Anyway, I was trying to think what to say in my final blog. I mean, what do all the rock-stars say on the last nights of their tours? Well, I saw The Spice Girls do their last ever gig in 2000 (Posh sang one line – bless her!). Oh, and I recently saw the closing night of the Glee UK tour at the O2 ( and OMG – The Warblers singing Teenage Dream and Kurt putting a ring on it: life don’t get much better than that!) Now I’m not sure either qualifies as strictly rock and roll but they were closing tour dates, and they both seemed to involve a lot of waving mobile phones in the air and the performers blubbing, ‘You’ve been a beautiful audience. We love you!’ and stuff like that.

So, I figured in the spirit of closing night schmaltz, I’d use my last blog to pay tribute to all the amazing people who inspired We Can be Heroes which is a bit icky and not very rock and roll, but there you have it.
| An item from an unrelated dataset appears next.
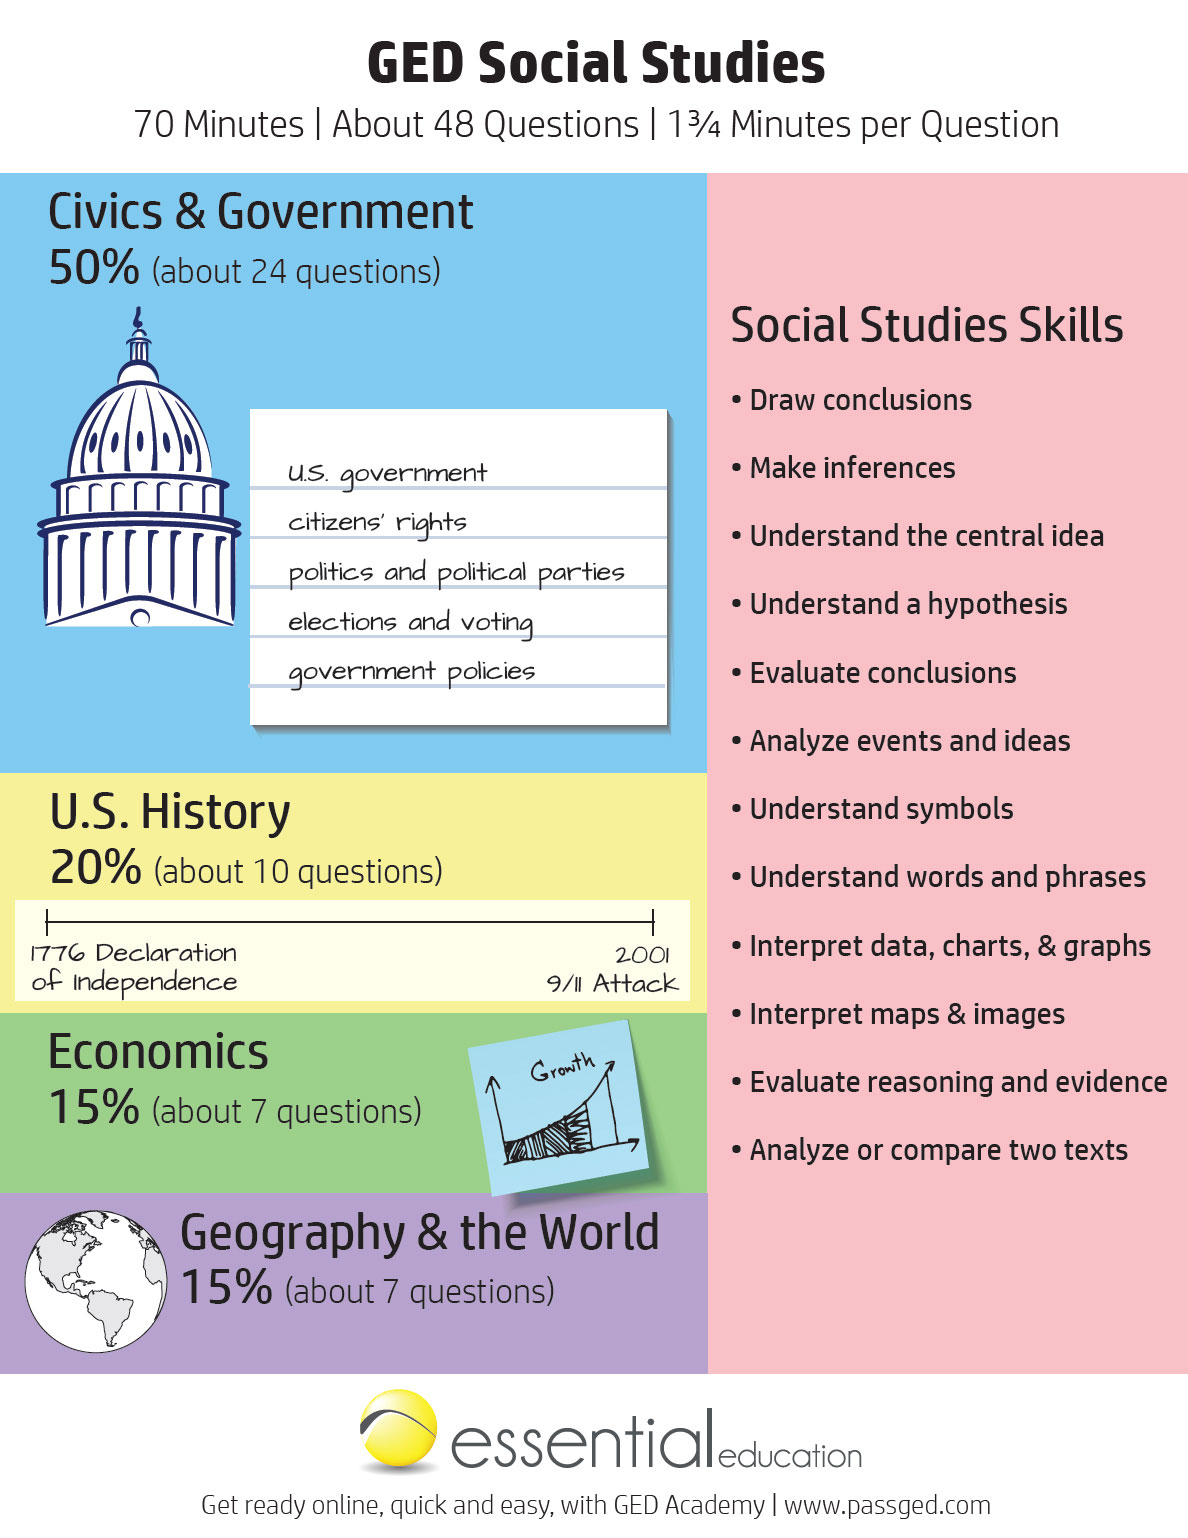 ged-social-studies-study-guide-2020-ged-academy

So, first up have to be the three American teenagers who I featured in The Times article I wrote in 2008 about kids who had lost a parent in the 2001 Terrorist attacks http://women.timesonline.co.uk/tol/life_and_style/women/families/article4706754.ece the spoke so movingly about answer phone messages, not being able to remember a parent’s face anymore, anger at the media and 9/11 fatigue, but they also offered a message of hope which seems like a good place to end on. ‘After 9/11 happened, I remember saying: How am I ever gonna be happy?’ said Bridget whose father, a security guard in the World Trade Centre ran back into the building when he heard the explosion go off. ‘But I figured it’s by making other people happy. It’s by doing good deeds for other people. That’s how—that’s what makes me happy!’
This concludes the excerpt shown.